How amazing it is that, by invoking longstanding state law empowering him to declare an emergency and rule Connecticut by decree, Governor Lamont can close businesses, eliminate the jobs and incomes of hundreds of thousands of people, impoverish them and their families, devastate the economy for years to come, commandeer the hospitals and nursing homes, and impose regulations on anyone seeking to go out in public, but he can’t cancel or postpone the $350 million in 5½-percent raises scheduled for state government employees July 1.
The governor admits that it’s wrong for state employees to get raises when so many people have lost their incomes because of state government’s response to the virus epidemic. The governor says he has asked the state employee unions to give up the raises but they have refused and he can’t figure out what else he can do.

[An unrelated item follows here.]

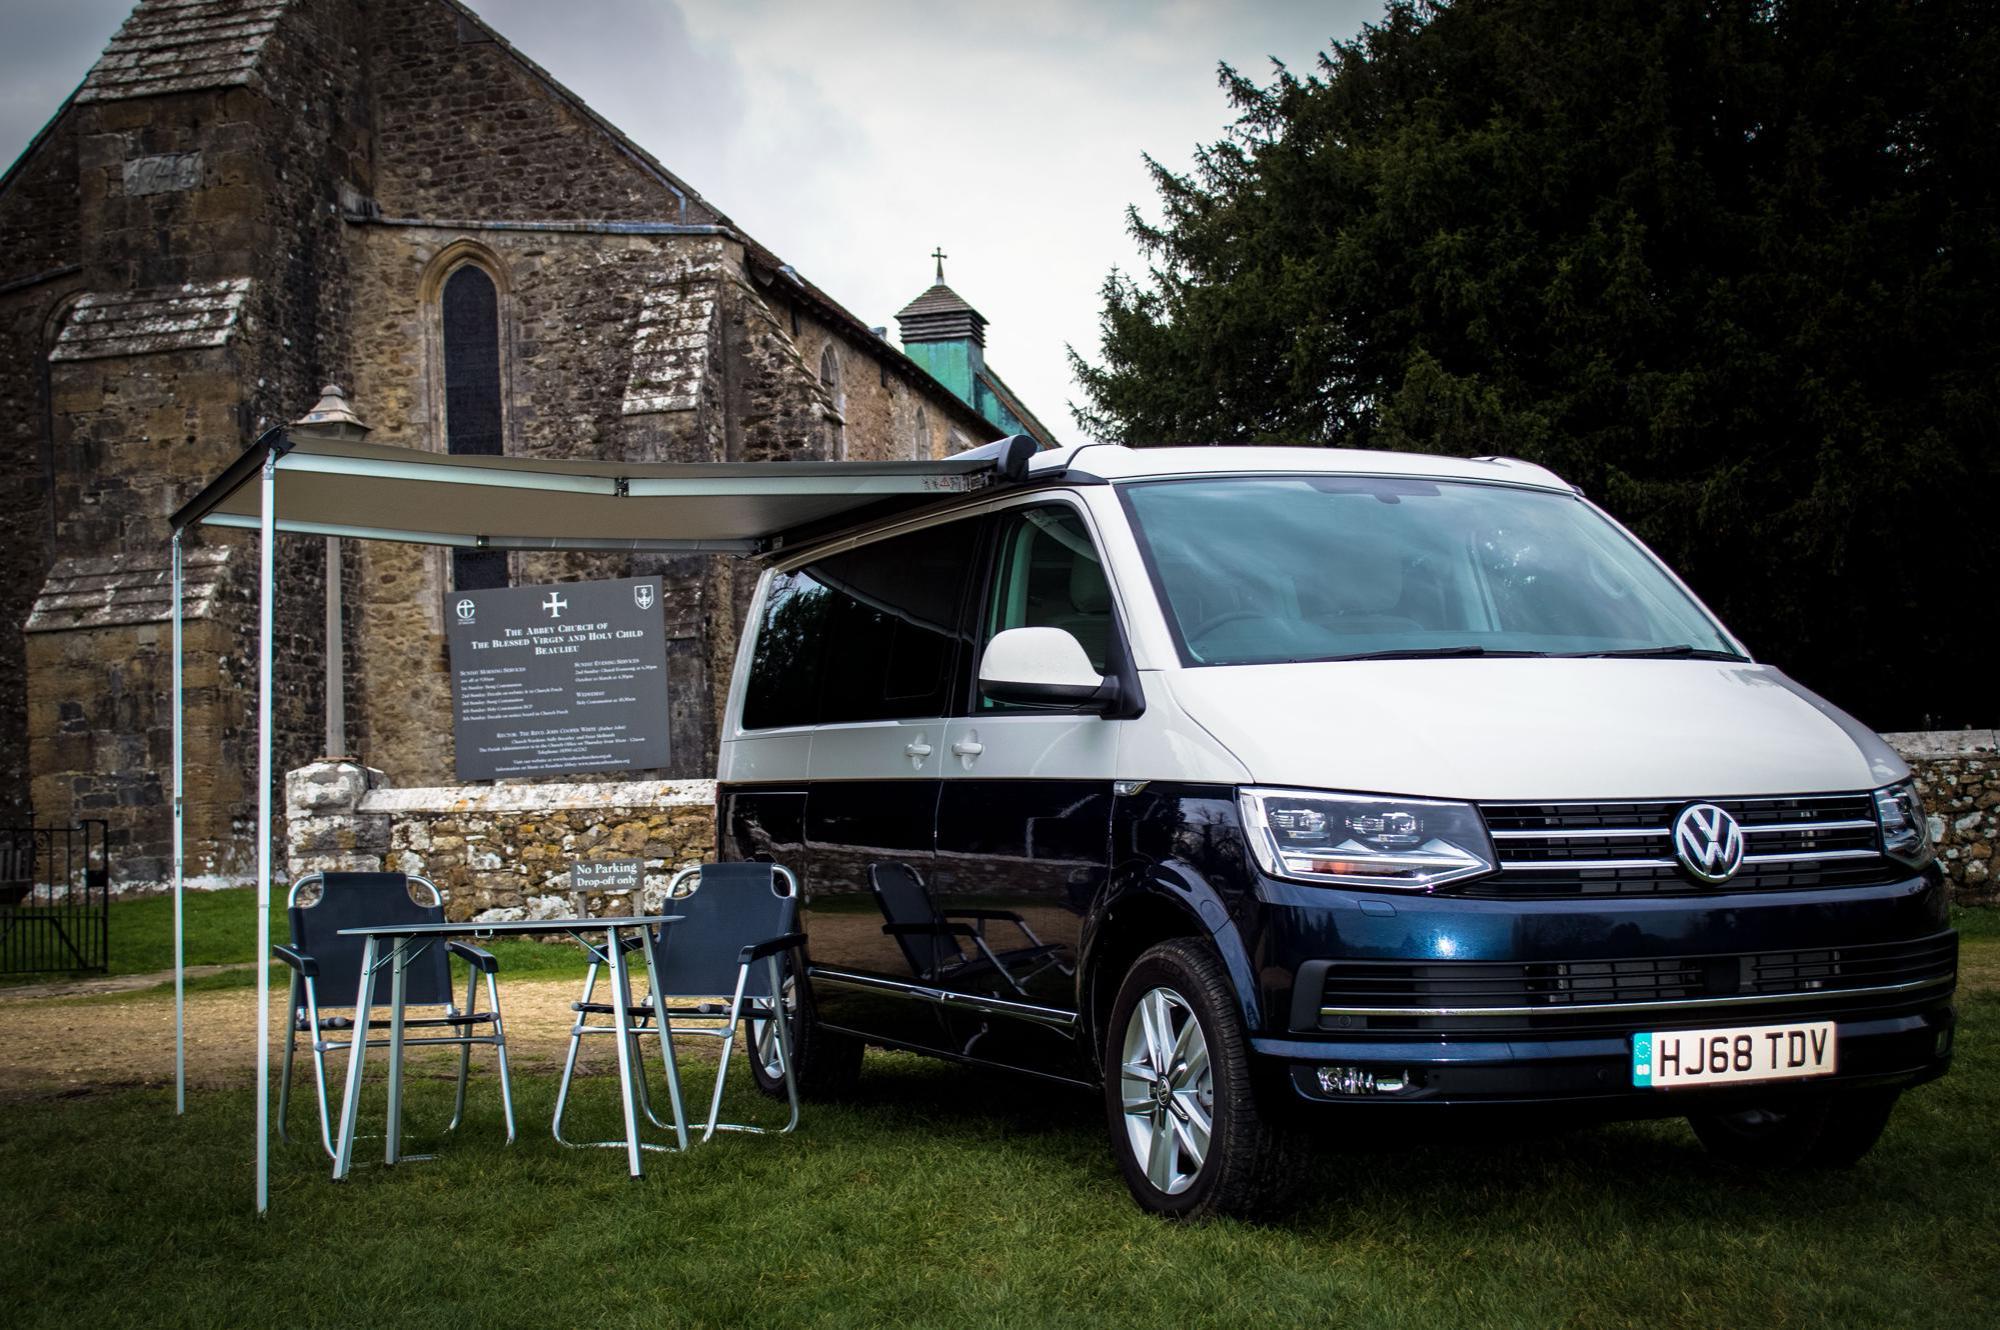 Campervan Hire in Southampton   Motorhome Rental in Southampton

But the problem is only that the governor isn’t trying very hard to bring the state employee unions into line, because he doesn’t want to try very hard, the unions being the army of his political party, the Democrats. If the Democrats lose the support of that army, Connecticut might regain political competition.
Yes, the raises are a matter of contract and thus ordinarily inviolable constitutionally, even if this contract is one of those magic contracts whereby the unions are said to have given up a lot even as the total expense of the compensation of their members increases. And yes, the contract is not Lamont’s fault, since it was settled during the administration of his predecessor, Gov. Dannel P. Malloy, who openly pledged himself to be the “servant” of the unions.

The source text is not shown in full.